Читаем The Tell-Tale Brain: A Neuroscientist's Quest for What Makes Us Human полностью

IS THERE ANY neurological evidence for the ideas discussed so far? Recall that many neurons in a monkey’s frontal lobe (in the same region that appears to have become Broca’s area in us) fire when the animal performs a highly specific action like reaching for a peanut, and that a subset of these neurons also fires when the monkey watches another monkey grab a peanut. To do this, the neuron (by which I really mean “the network of which the neuron is a part”) has to compute the abstract similarity between the command signals specifying muscle contraction sequences and the visual appearance of peanut reaching seen from the other monkey’s vantage point. So the neuron is effectively reading the other individual’s intention and could, in theory, also understand a ritualized gesture that resembles the real action. It struck me that the bouba-kiki effect provides an effective bridge between these mirror neurons and ideas about synesthetic bootstrapping I have presented so far. I considered this argument briefly in an earlier chapter, let me elaborate the argument now to make the case for its relevance to the evolution of protolanguage.

The bouba-kiki effect requires a built-in translation between visual appearance, sound representation in the auditory cortex, and sequences of muscle twitches in Broca’s area. Performing this translation almost certainly involves the activation of circuits with mirror-neuron-like properties, mapping one dimension onto another. The inferior parietal lobule (IPL), rich in mirror neurons, is ideally suited for this role. Perhaps the IPL serves as a facilitator for all such types of abstraction. I emphasize, again, that these three features (visual shape, sound inflections, and lip and tongue contour) have absolutely nothing in common except the abstract property of, say, jaggedness or roundness. So what we are seeing here is the rudiments—and perhaps relics of the origins—of the process called abstraction that we humans excel at, namely, the ability to extract the common denominator between entities that are otherwise utterly dissimilar. From being able to extract the jaggedness of the broken glass shape and the sound kiki to seeing the “fiveness” of five pigs, five donkeys, or five chirps may have been a short step in evolution but a giant step for humankind.

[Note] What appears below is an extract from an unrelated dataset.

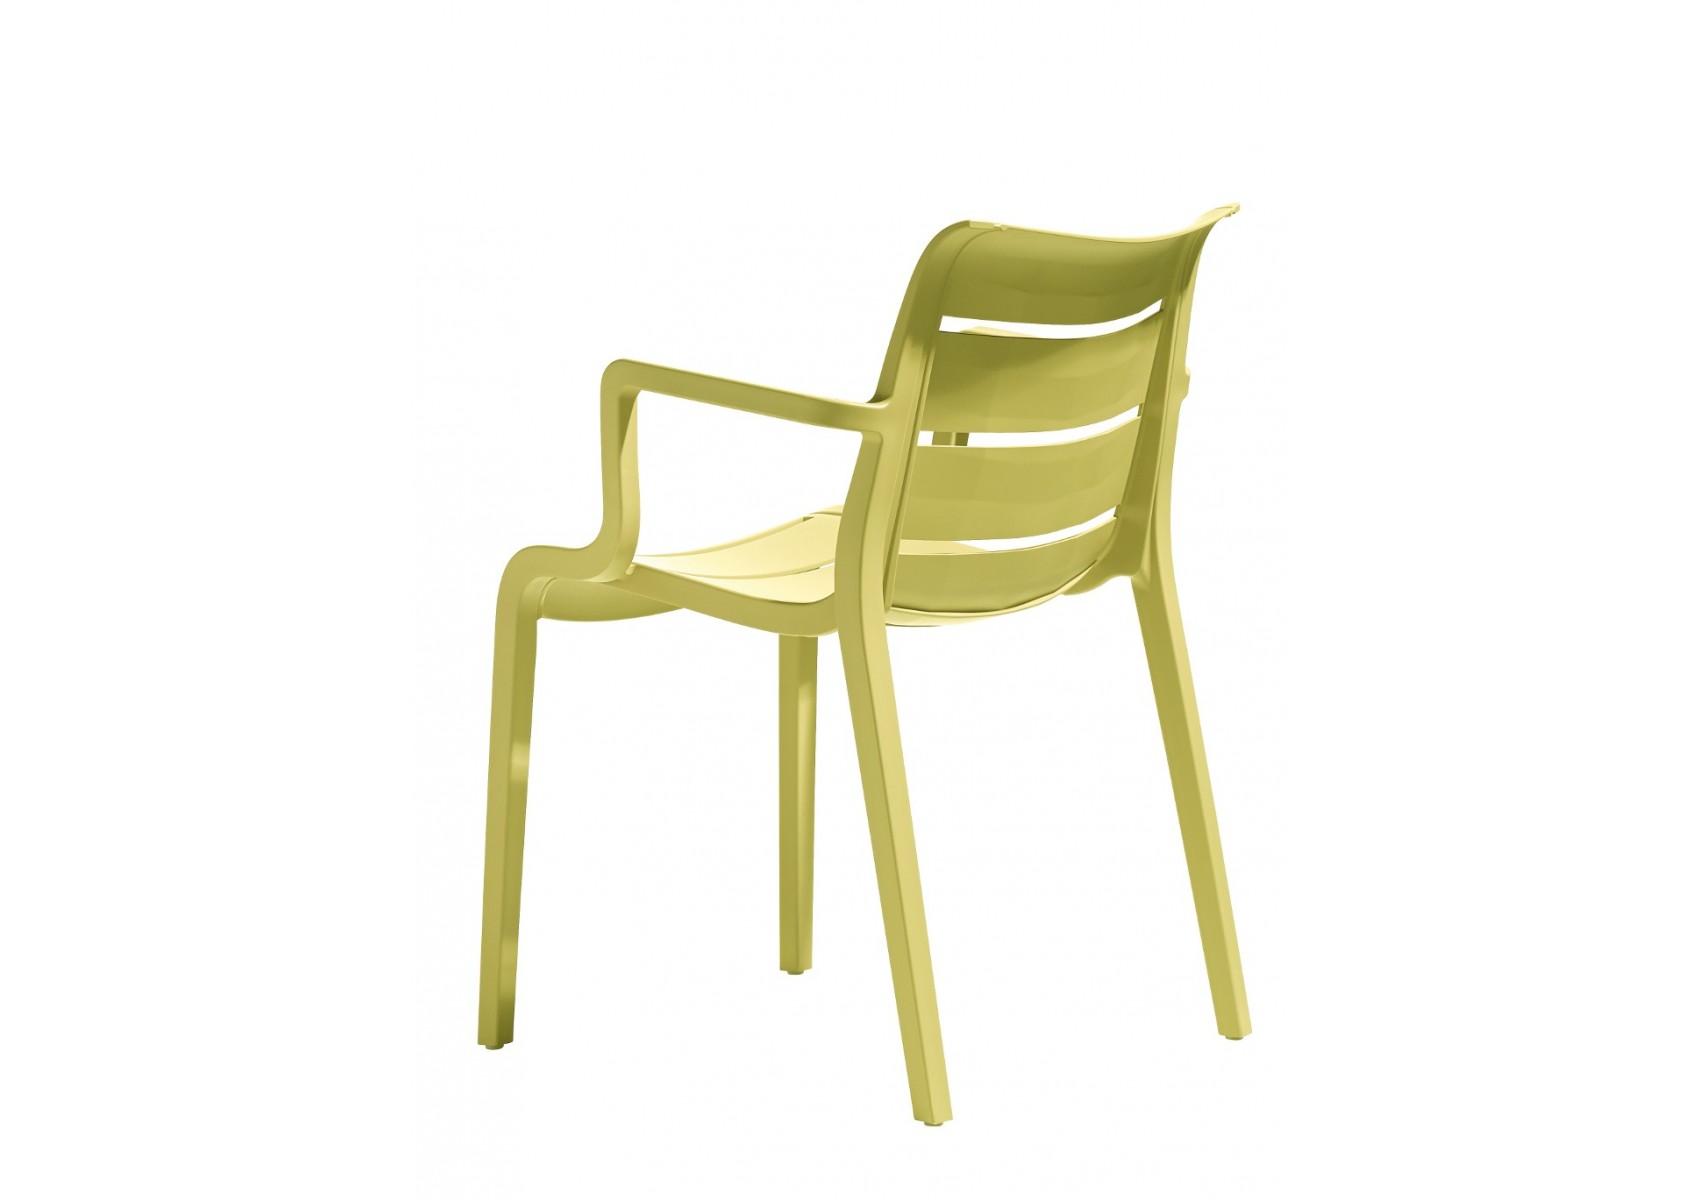 4 chaises design de jardin sunset lot de 4 deco - Lot de 4 chaises design ...

I HAVE ARGUED, so far, that the bouba-kiki effect may have fueled the emergence of protowords and a rudimentary lexicon. This was an important step, but language isn’t just words. There are two other important aspects to consider: syntax and semantics. How are these represented in the brain and how did they evolve? The fact that these two functions are at least partially autonomous is well illustrated by Broca’s and Wernicke’s aphasias. As we have seen, a patient with the latter syndrome produces elaborate, smoothly articulated, grammatically flawless sentences that convey no meaning whatsoever. The Chomskian “syntax box” in the intact Broca’s area goes “open loop” and produces well-formed sentences, but without Wernicke’s area to inform it with cultivated content, the sentences are gibberish. It’s as though Broca’s area on its own can juggle the words with the correct rules of grammar—just like a computer program might—without any awareness of meaning. (Whether it is capable of more complex rules such as recursion remains to be seen; it’s something we are currently studying.)

We’ll come back to syntax, but first let’s look at semantics (again, roughly speaking, the meaning of a sentence). What exactly is meaning? It’s a word that conceals vast depths of ignorance. Although we know that Wernicke’s area and parts of the temporo-parieto-occipital (TPO) junction, including the angular gyrus (Figure 6.2), are critically involved, we have no idea how neurons in these areas actually do their job. Indeed, the manner in which neural circuitry embodies meaning is one of the great unsolved mysteries of neuroscience. But if you allow that abstraction is an important step in the genesis of meaning, then our bouba-kiki example might once again provide the clue. As already noted, the sound kiki and the jagged drawing would seem to have nothing in common. One is a one-dimensional, time-varying pattern on the sound receptors in your ear, whereas the other is a two-dimensional pattern of light arriving on your retina all in one instant. Yet your brain has no difficulty in abstracting the property of jaggedness from both signals. As we have seen, there are strong hints that the angular gyrus is involved in this remarkable ability we call cross-modal abstraction.